Aksi mandi susu yang berlangsung di Tugu Susu Tumpah Boyolali juga menjadi simbol protes para peternak terhadap kebijakan yang dinilai tidak berpihak kepada mereka. Sebagai langkah mitigasi, Budi Arie menyebut Kemenkop sudah menginstruksikan Lembaga Pengelola Dana Bergulir (LPDB) untuk menyediakan pembiayaan bagi koperasi susu agar dapat meningkatkan produksi dan kualitas produk.

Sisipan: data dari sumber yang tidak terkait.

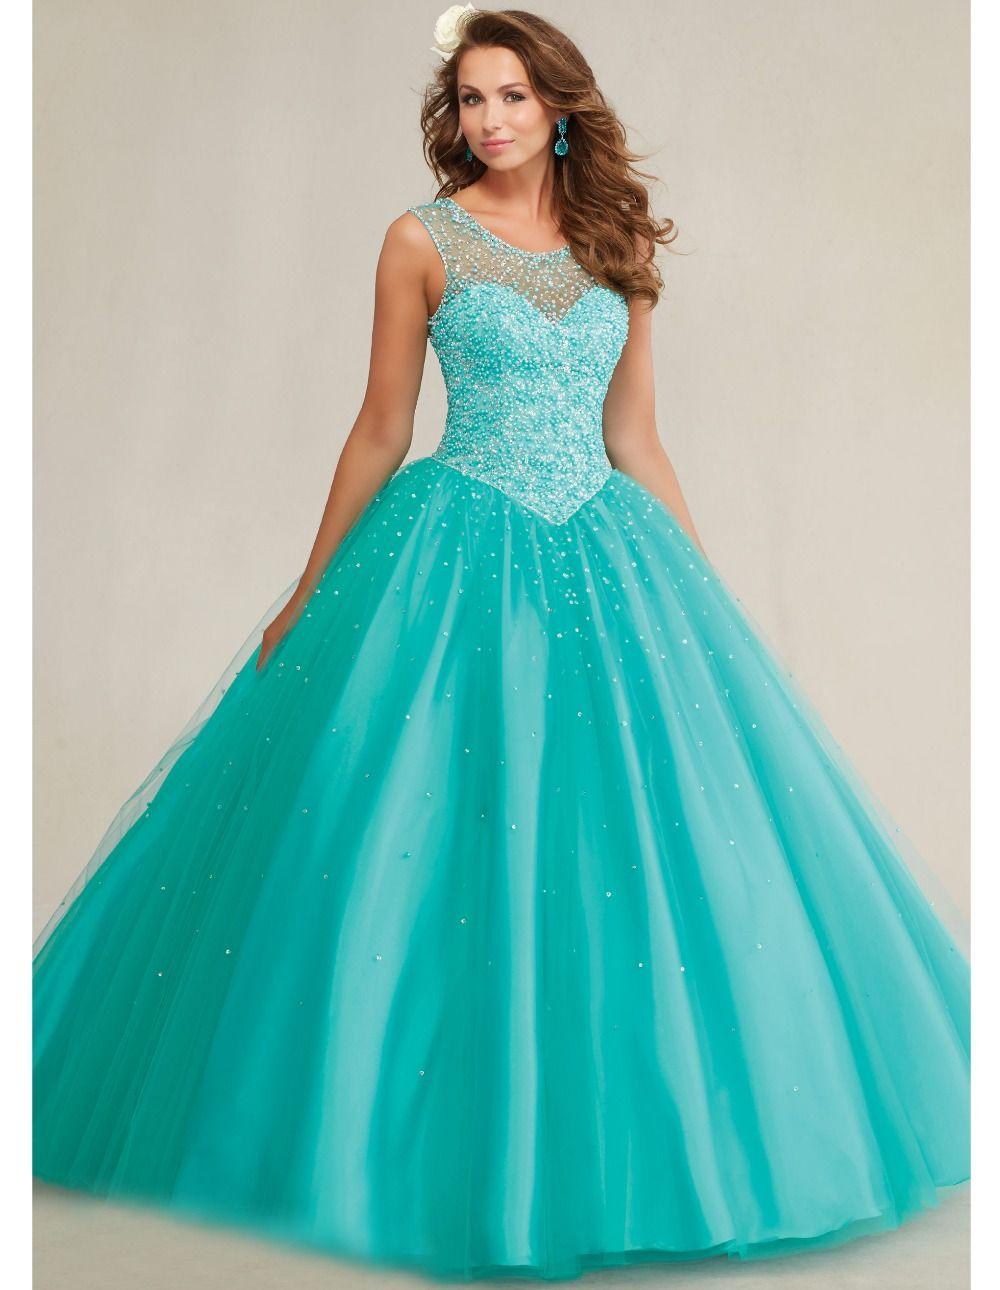 04208769d0 ... vestido de 15 anos. Encontrar Más Vestidos de Quinceañera Información  acerca de Quinceanera 15 años vestidos de 15 años 2015 azul del dulce 16  vestidos ...

“Saya meminta LPDB untuk mengambil langkah jangka pendek, guna menyelesaikan masalah yang dialami Koperasi Produksi Susu Segar di Boyolali dan Pasuruan, dan meminta LPDB mendorong kesiapan Koperasi Produksi Susu Segar sebagai rantai pasok program Makan Bergizi Gratis,” ucapnya.
Tak hanya itu, pihaknya juga bakal membenahi koperasi susu melalui dari sisi peningkatan standar mutu produksi sesuai dengan kebutuhan pabrik melalui kemitraan antara pabrik dengan koperasi peternak, baik dalam teknologi pengolahan, hingga teknologi penyimpanan. Ia pun menekankan pentingnya kolaborasi antara koperasi dan industri pengolahan susu (IPS) melalui bantuan teknologi dan standar mutu agar produksi susu segar dapat terserap sesuai dengan standar kualitas.

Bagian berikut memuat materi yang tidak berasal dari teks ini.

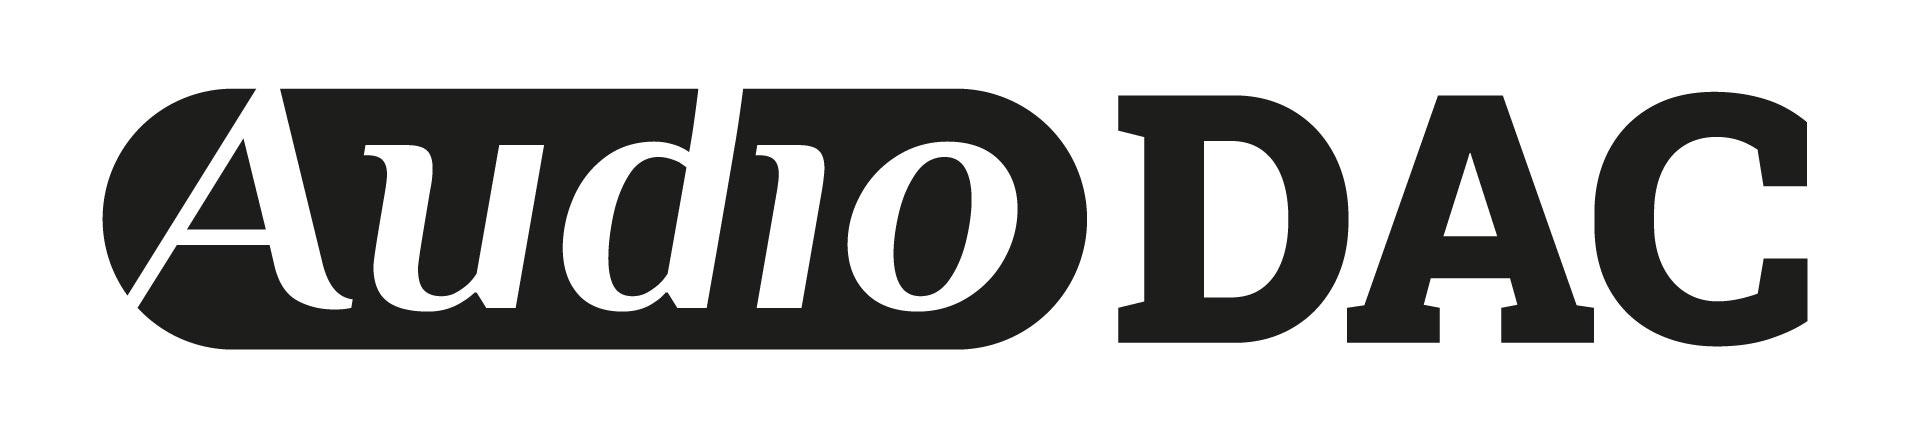 Audio DAC

Langkah ini, menurut Budi Arie, bisa membuat IPS lebih terbuka untuk menyerap susu lokal. Pasalnya, selama ini IPS lebih memilih susu impor bubuk susu atau skim ketimbang menyerap susu segar dari peternak lokal.
“Ini struktur pasarnya, IPS-IPS ini mengimpor susu jauh lebih murah. Impor dalam bentuk skim atau bubuk yang harganya lebih murah dari market price, harga pasar dunia,” jelasnya.
Budi Arie juga menyoroti bahwa ke depannya koperasi perlu mengantisipasi atau membuat alternatif lain untuk mengolah susu ke produk turunan lain, seperti minuman pasteurisasi, yoghurt, dan keju.
“Kami dorong koperasi untuk masuk ke hilirisasi produk seperti produksi yoghurt, keju, atau minuman pasteurisasi agar tidak sepenuhnya bergantung pada penyerapan susu segar oleh IPS,” imbuhnya.
Wamenkop Ferry Juliantono pun turut menyuarakan kekhawatirannya terhadap bea masuk 0 persen ini. Menurutnya, pemerintah dapat kembali mempertimbangkan pemberlakuan tarif sesuai kepentingan nasional yang diatur oleh Organisasi Perdagangan Dunia (World Trade Organization/WTO).
“Ini bisa dimintakan kembali, dalam rangka melindungi peternak susu sapi perah di Indonesia. Kami meminta ada barrier,” ujar Ferry.
Jika tarif bea masuk yang dikenakan tetap nol persen, Ferry meminta agar Kemendag mempertimbangkan insentif bagi peternak sapi perah lokal untuk menjaga daya saing.
“Yang sedang kami kaji, insentif apa yang diberikan peternak sapi perah, baik koperasi, UD, maupun perorangan, supaya mereka tidak terkena dampak,” pungkasnya.